'''

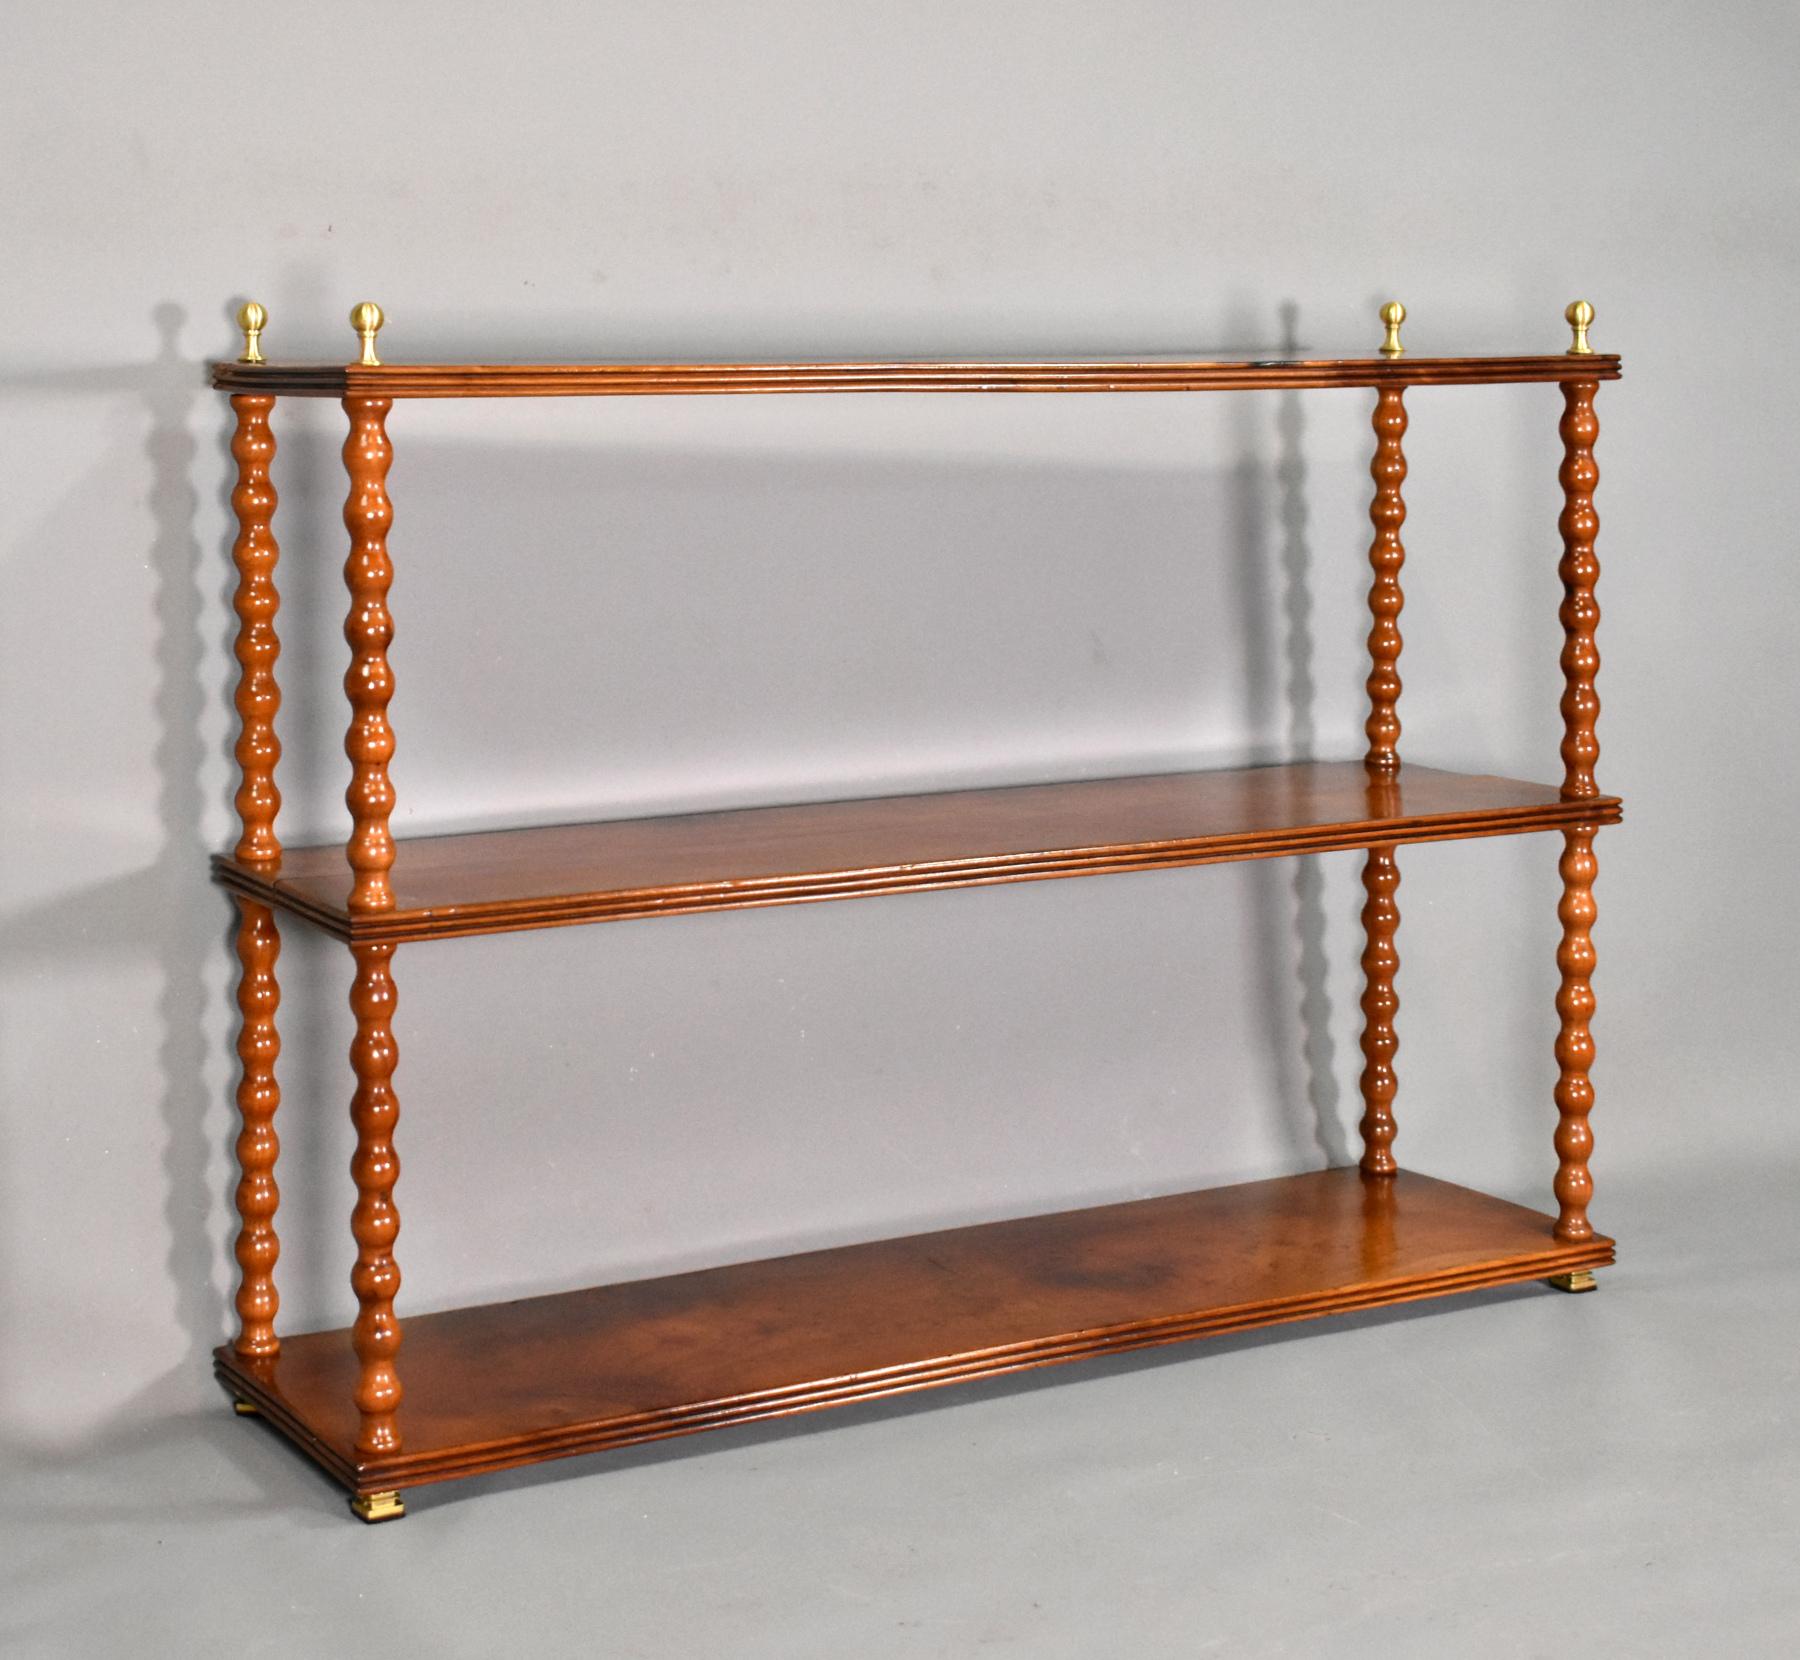 Antique French Shelving Unit in Cherry Wood
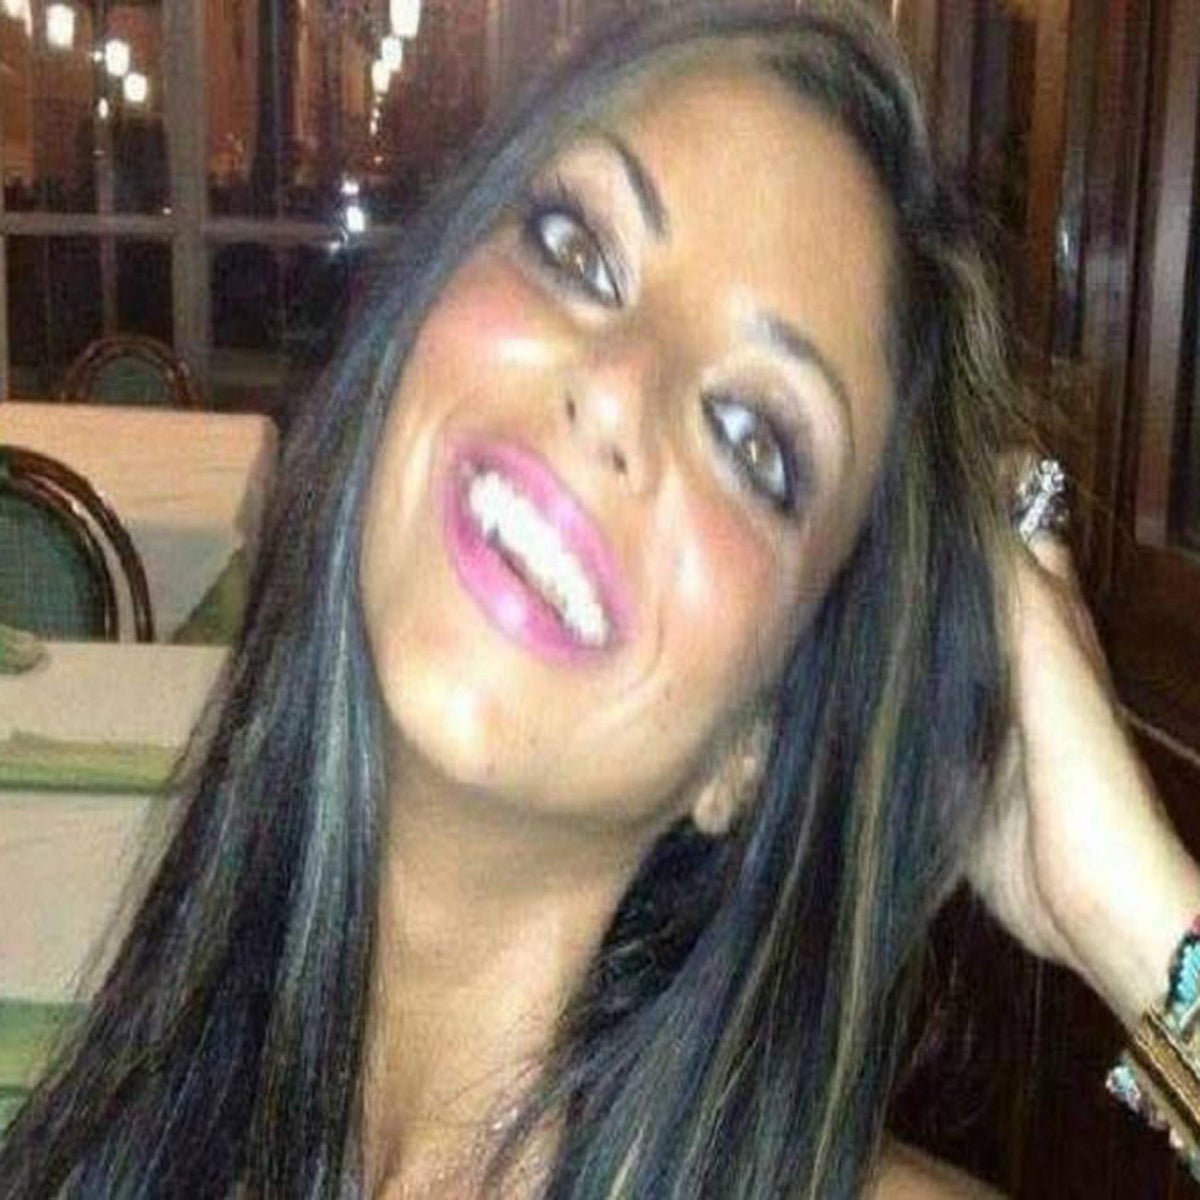 Italian Porn Woman Revenge - Investigation launched into death of Italian woman who killed herself after  explicit images went viral | The Independent | The Independent
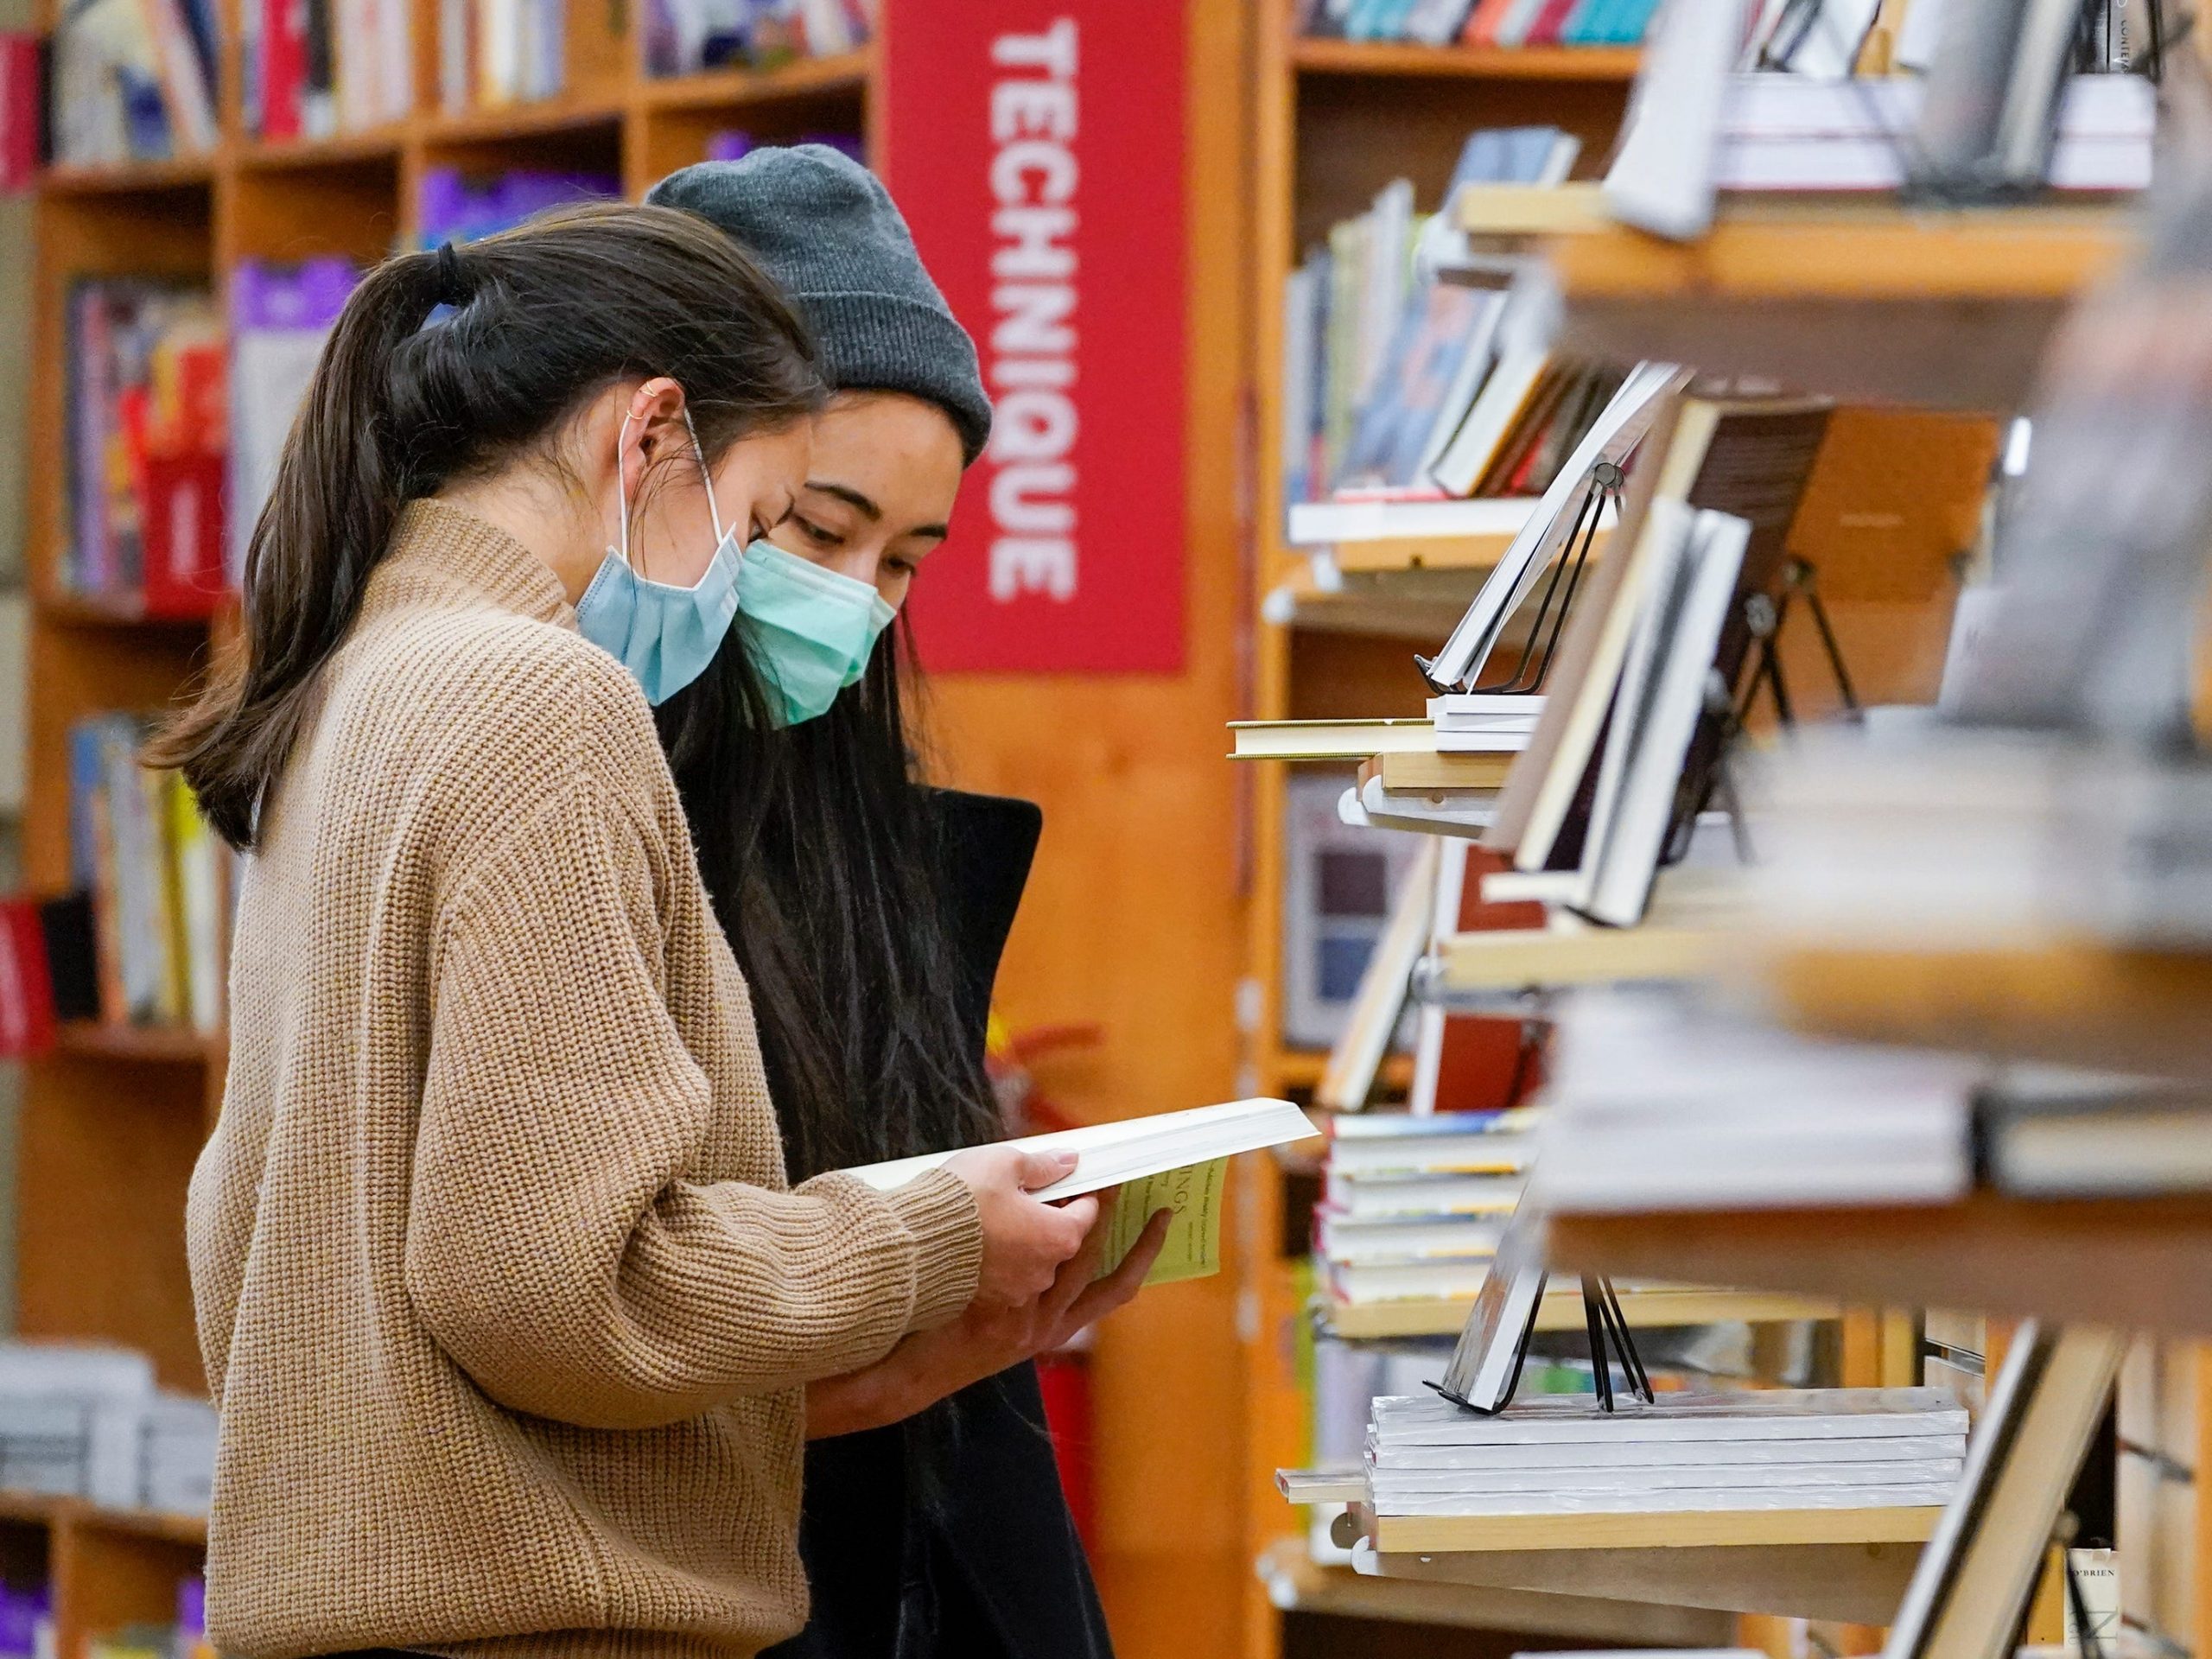 Two women wearing masks browse books at The Strand Bookstore in New York City

'''

• [Exercise aim] Any images must be left out; transcribe the rest of the material exactly.

• [Answer for this exercise]
 Antique French Shelving Unit in Cherry Wood
 Italian Porn Woman Revenge - Investigation launched into death of Italian woman who killed herself after  explicit images went viral | The Independent | The Independent
 Two women wearing masks browse books at The Strand Bookstore in New York City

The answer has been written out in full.